As I watched her sleep, I knew it wasn’t the s
hape of her young body, the curve of her hips or legs I was really looking at, but the death of my marriage. The finality of my actions struck me with unexpected force. Kyra and I were never supposed to come to this.
I shouldn’t have done what I’d done—two wrongs would never make a right—but after being accused of it for so long, at least now the punishment would fit the crime.
And anyway, wasn’t it Kyra, not me, who had insisted on the separation? Those almost always lead to divorce, I’d rightly argued, but she wouldn’t be reasoned with. She’d seen a suggestive e-mail that had her convinced I’d been having an affair. I wanted to work things out. Begged her to attend counseling with me, but she’d had one foot so far out the door, it was a shorter walk out than in.
A small smile pulled at the corners of Danielle’s lips. She stirred in her sleep and laid her arm across my stomach. I waited for her to settle before gently removing it.
Careful not to wake her, I pushed myself up, cringing as the bed creaked. She sighed, curled into the fetal position, and tugged the blanket up to her neck. Before my foot hit the floor, my cell beeped. I had to lean over her to get it. My arm brushed her chest and she awoke.
I faked a smile. “Good morning, beautiful.”
Her eyes lit up as she covered her mouth. “Hey, there.”
I put the phone to my ear. “Eric Yoshida.”
“Hi, Eric. It’s Al.”
I shook my head at Danielle to indicate my regret in answering. “You got a new number, I see.”

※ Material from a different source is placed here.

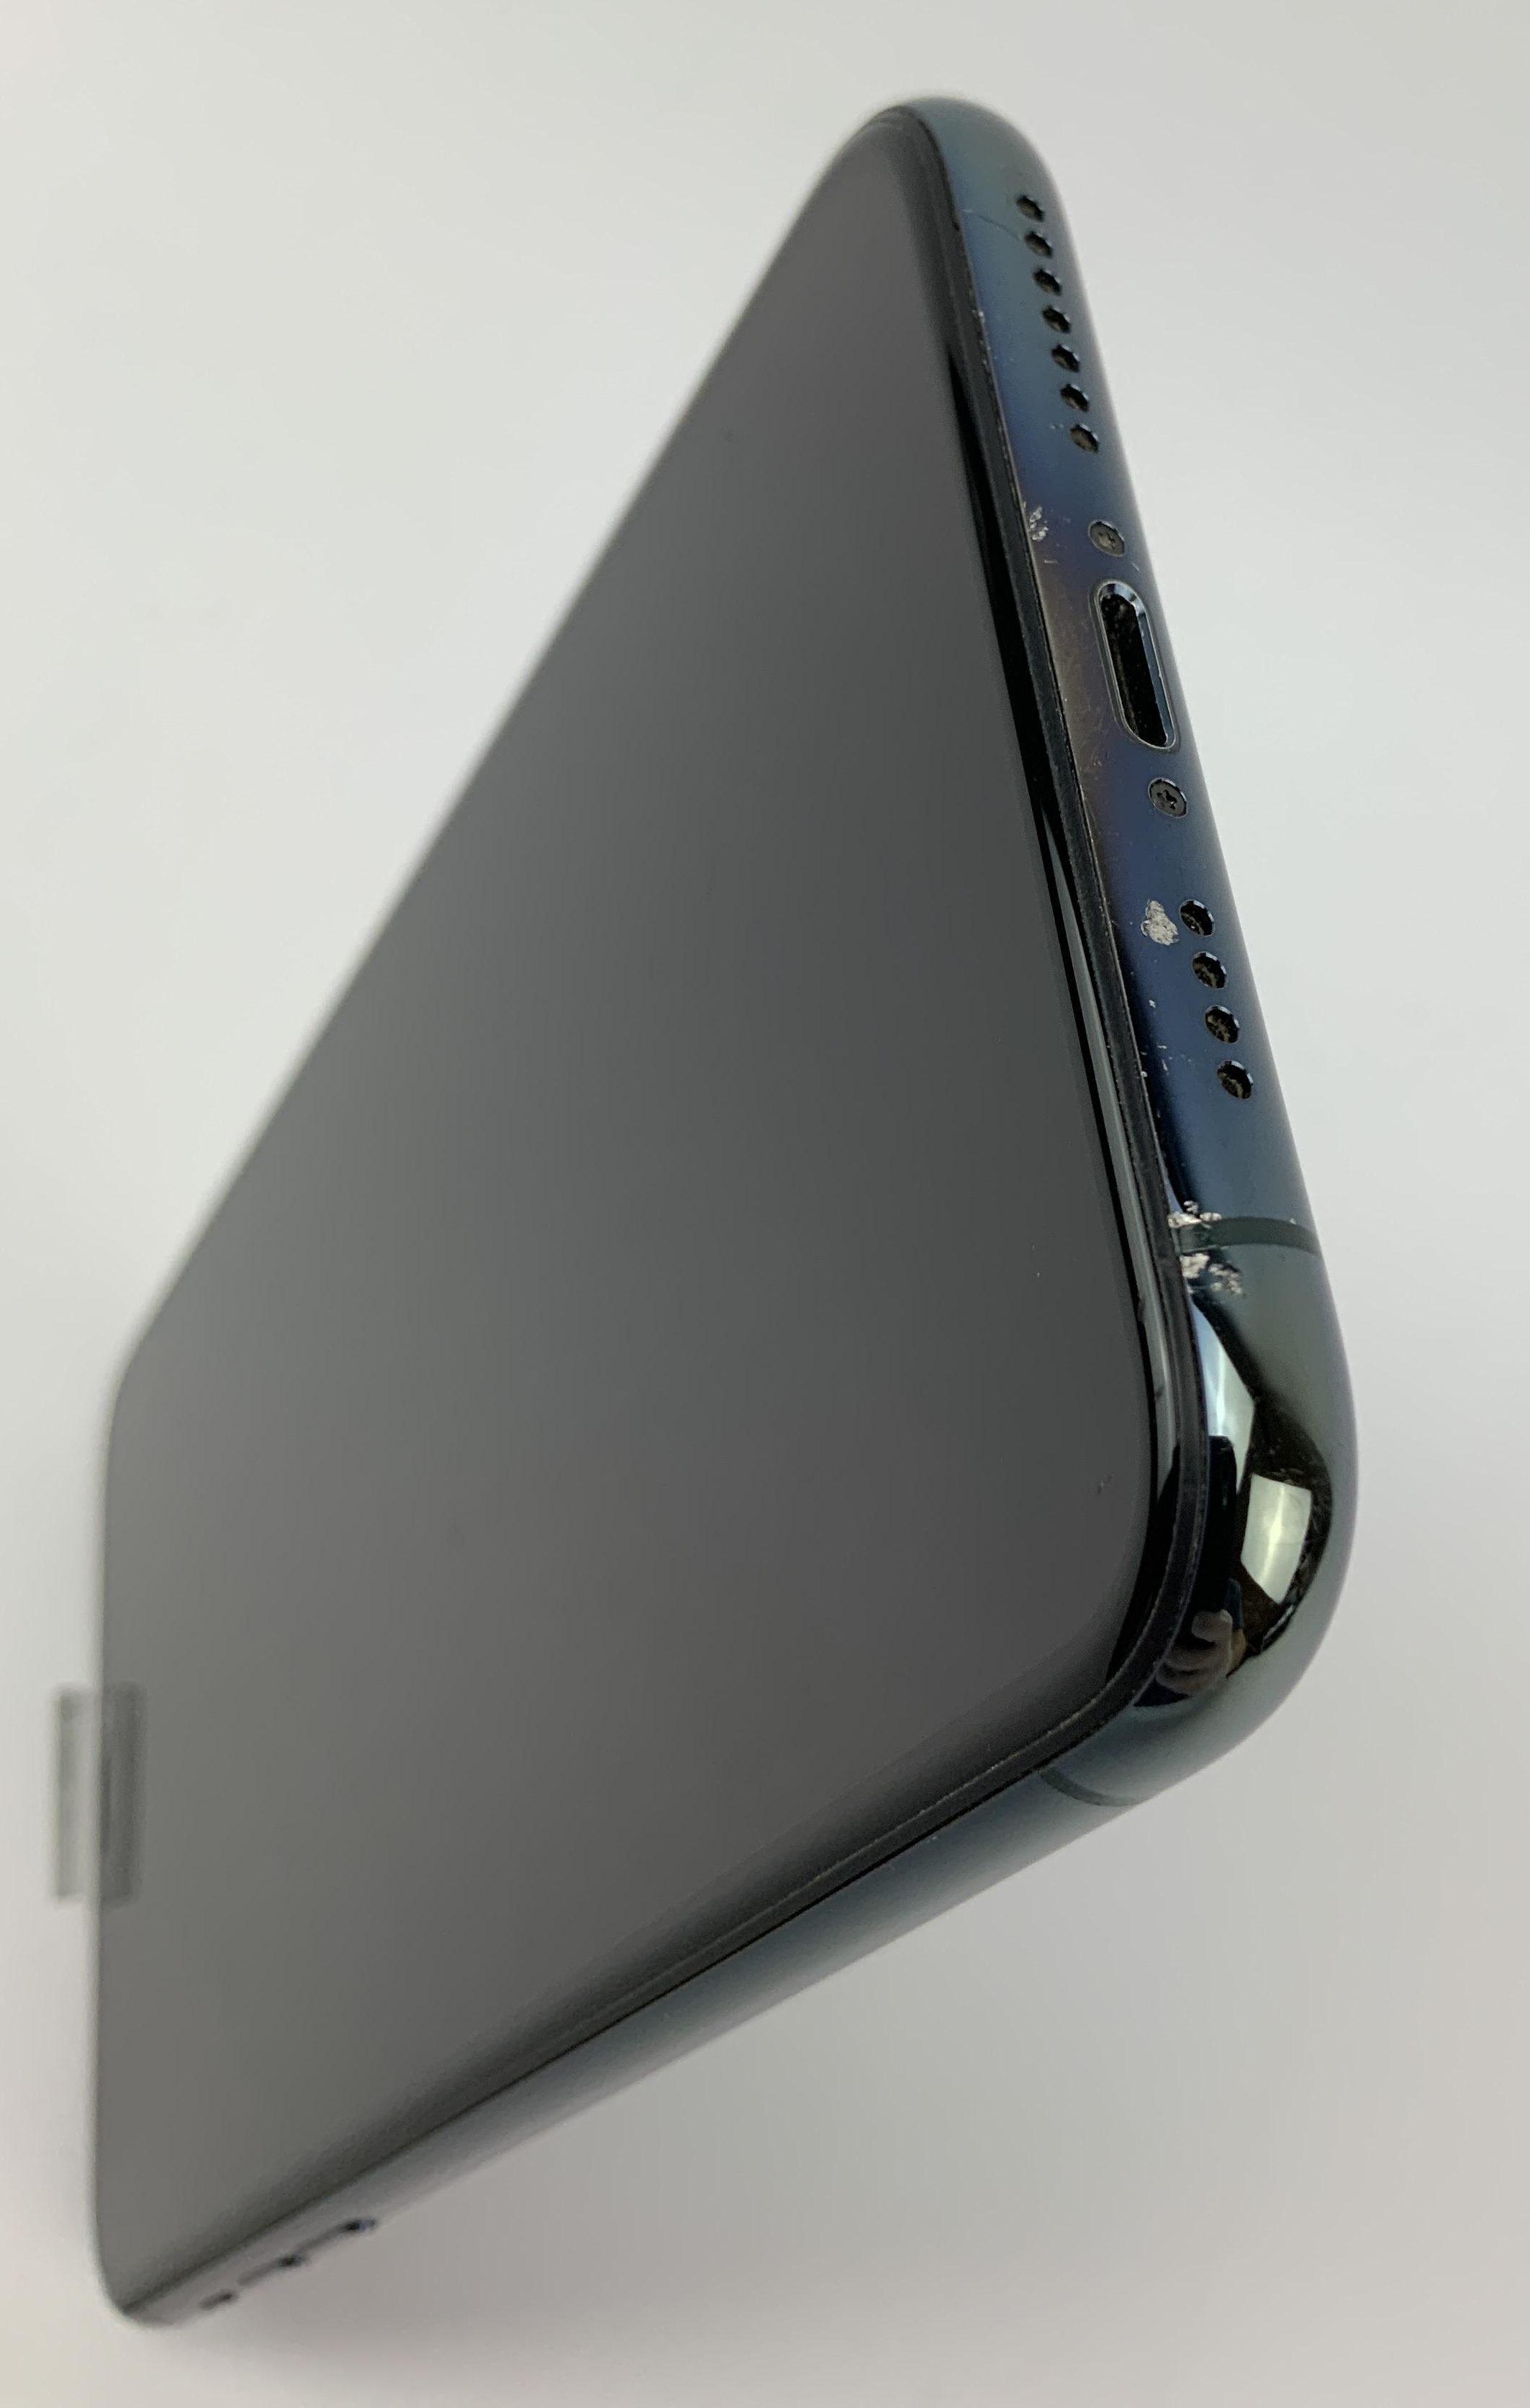 iPhone 11 Pro Max 256GB, 256GB, Midnight Green, Kuva 3

“Yeah, it’s a TracFone. You know your mother and bills.”
I cleared my throat. I didn’t have it in me to worry about my stepfather’s constant drizzle while I was dealing with my own tsunami. “What can I do you for?”
“Are you sitting?”
Looking down at myself perched on the edge of the bed, I felt the dread of the coming news. “Is it Mom? Is she—?”
“Your mom’s fine. Everyone’s fine.”
I exhaled as Danielle watched me intently. Without her makeup, she seemed even younger. At forty-five, I probably looked like an old man to her in the stark light of day with my sparse, gray body hair and the not-so-subtle pull of gravity. With my free hand, I picked my pants off the floor. I was relieved that she had the decency to look away as I slid them on.